A few tricks make steady watering easier. Use a large pot that dries more slowly, mulch the surface to slow evaporation, and group the pots together to shelter them. A self-watering container with a reservoir helps anyone away at work, smoothing out the supply so the plant never swings between drought and flood. Keeping the moisture even, day to day, is what makes the difference between a clean crop and a split, rotting one.

Numbers worth knowing

A 5 gallon / 19 L pot in full sun with a mature tomato plant loses about 1 to 2 quarts / 1 to 2 L of water a day through transpiration. A 10 gallon / 38 L pot loses 2 to 4 quarts / 2 to 4 L. In a 90 degrees F / 32 degrees C heatwave, those numbers roughly double. A cordon tomato in a 10 gallon / 38 L pot with steady water and feeding can yield 8 to 15 lb / 3.6 to 6.8 kg of fruit over a season, while a tumbling type in a hanging basket yields 3 to 5 lb / 1.4 to 2.3 kg. The first truss of fruit usually sets 5 to 7 weeks after planting out, and a cordon plant sets 4 to 6 trusses in a good season (University of Minnesota Extension).
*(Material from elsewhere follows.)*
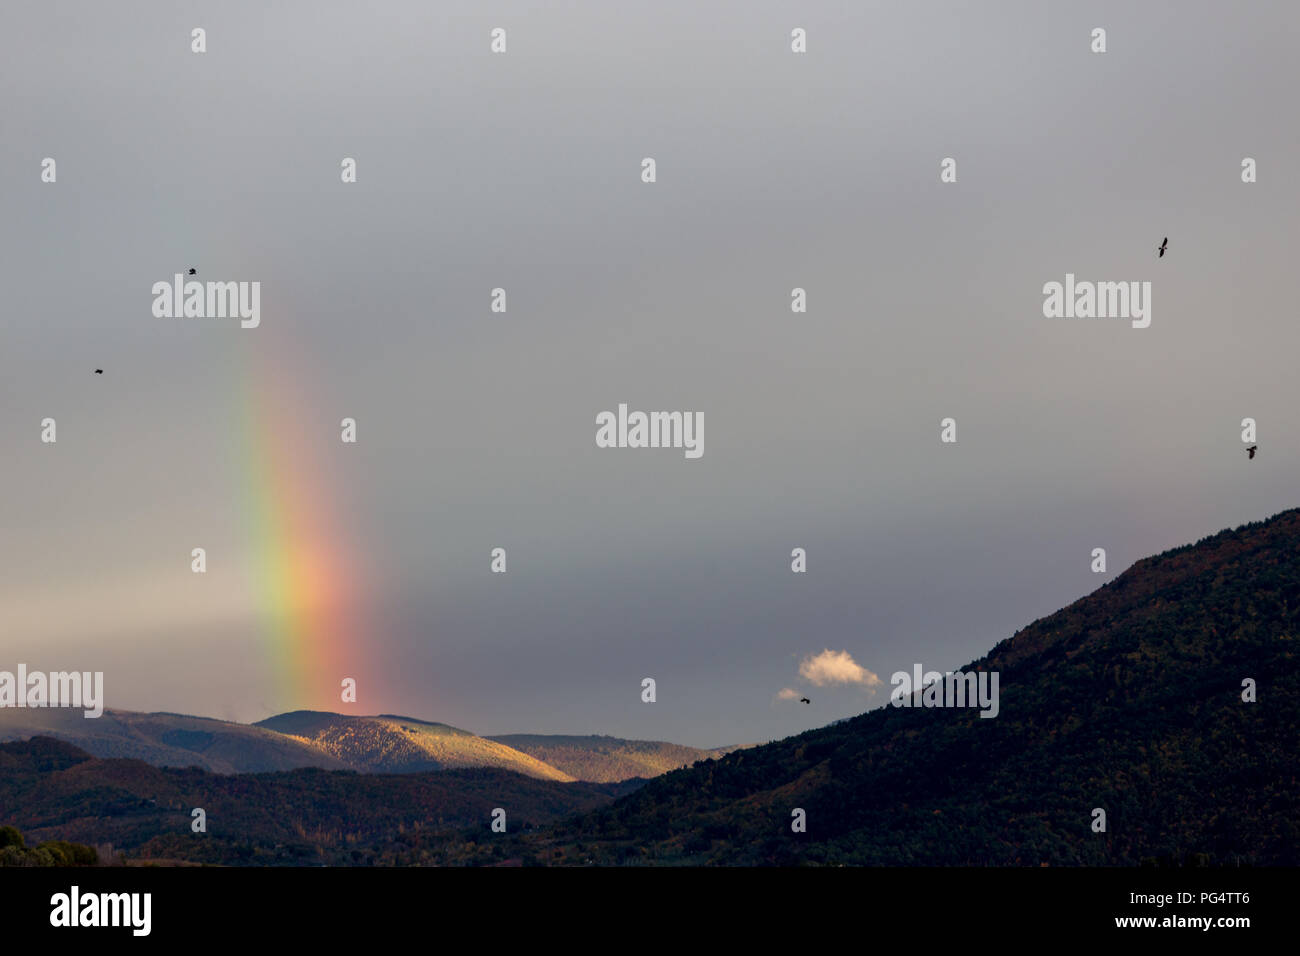 Beautiful and surreal view of part of a rainbow over some hills with birds flying Stock Photo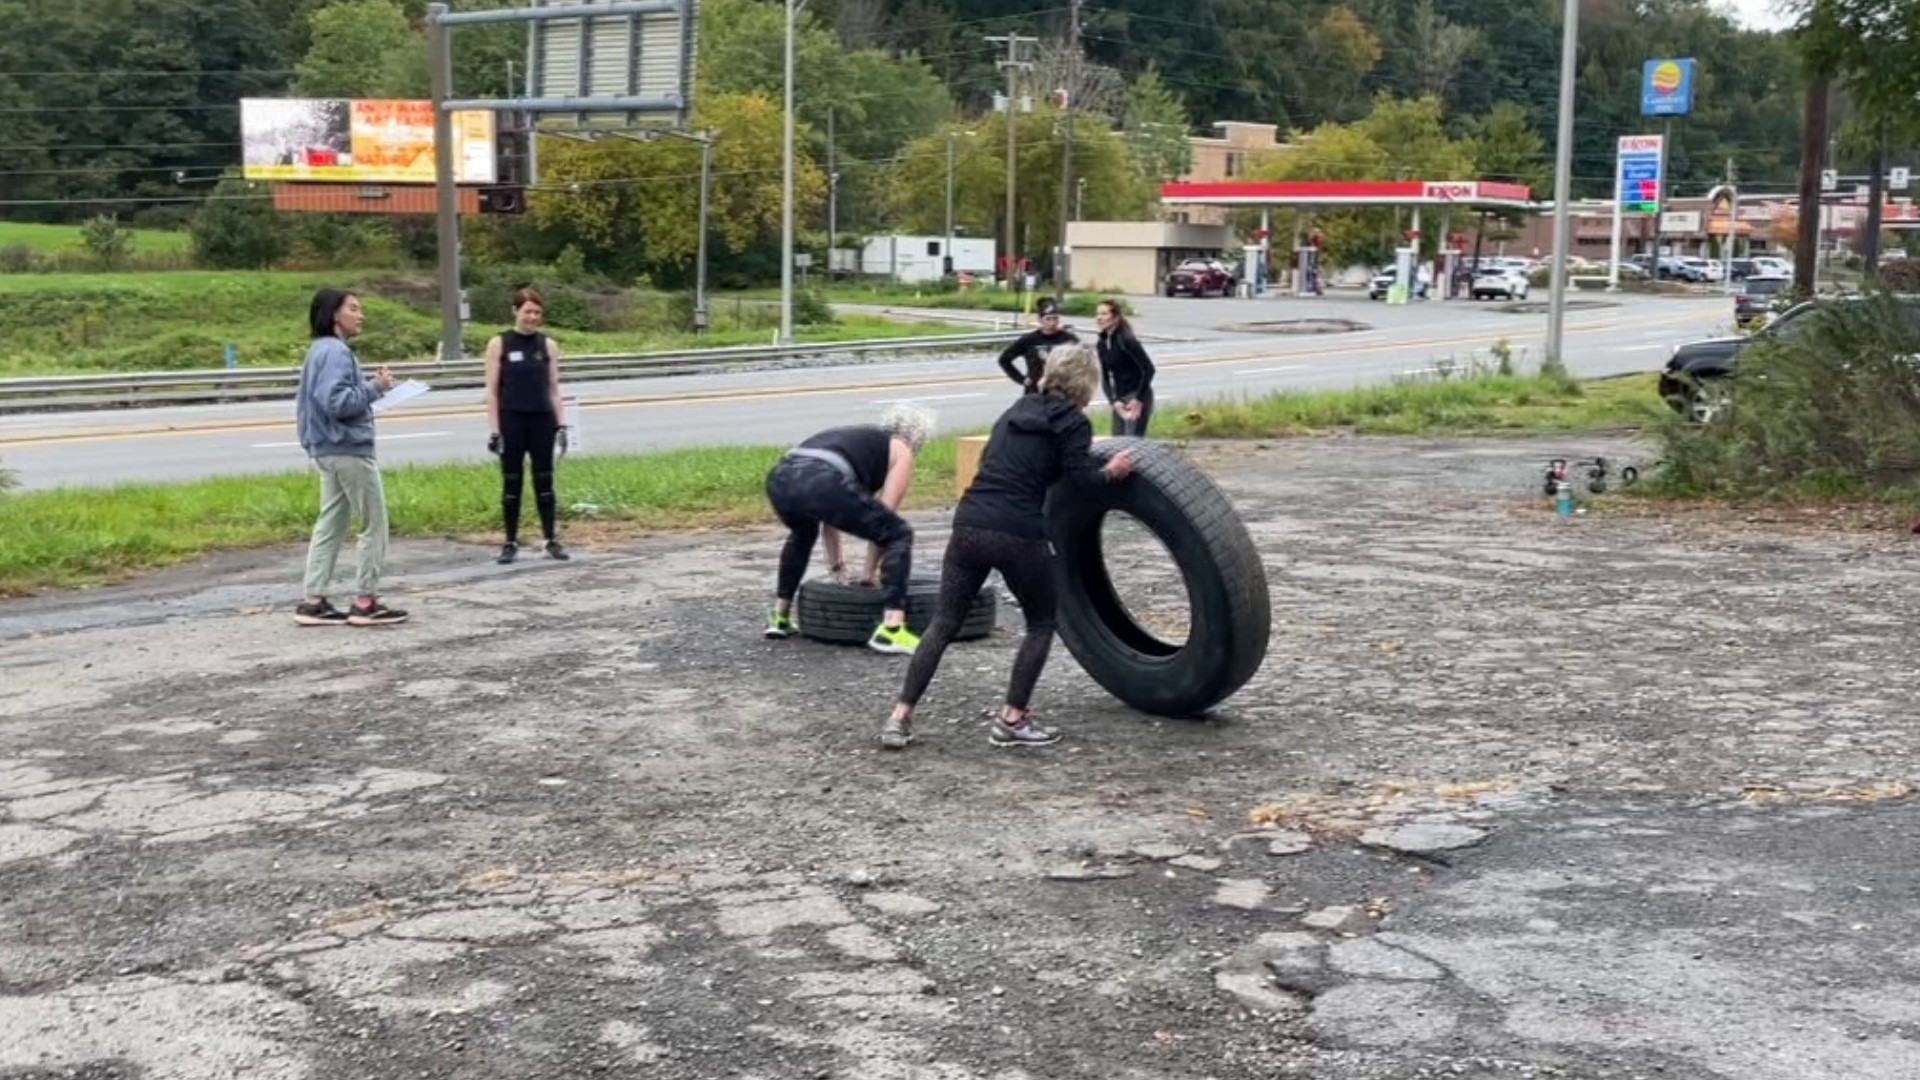 More than 100 people competed in a tough workout in Lackawanna County on Sunday, and it was all for a great cause.

Feeding and supporting the plants

Tomatoes are hungry as well as thirsty, and the frequent watering they need washes nutrients out of the pot, so feeding is essential. Once the first flowers appear, feed every week or two with a high-potash tomato food, which drives flowering and fruiting rather than soft leafy growth. A plant fed only nitrogen makes lots of leaf and little fruit, so the high-potash feed matters. Look for a fertiliser with a higher third number, such as 4-6-8 or 5-10-10, where potassium drives fruit set.

Tall cordon tomatoes need support and pinching out. Push a sturdy 6 ft / 1.8 m stake into the pot at planting and tie the main stem to it as it grows, or train it up a string. Pinch out the side shoots that form in the joint between the main stem and each leaf, keeping the plant to a single stem so its energy goes into fruit rather than a tangle of growth. Bush and tumbling types need none of this, which is part of their appeal.

Toward the end of the season, pinch out the growing tip of a cordon plant once it has set four or five trusses of fruit, so the plant ripens what it has rather than starting new fruit that will not finish. Remove some lower leaves to let light and air reach the ripening fruit. With steady water, regular high-potash feeding, full sun, and the right support, a container tomato crops heavily from midsummer until the first frosts, a heavy harvest from a single pot on a sunny patio.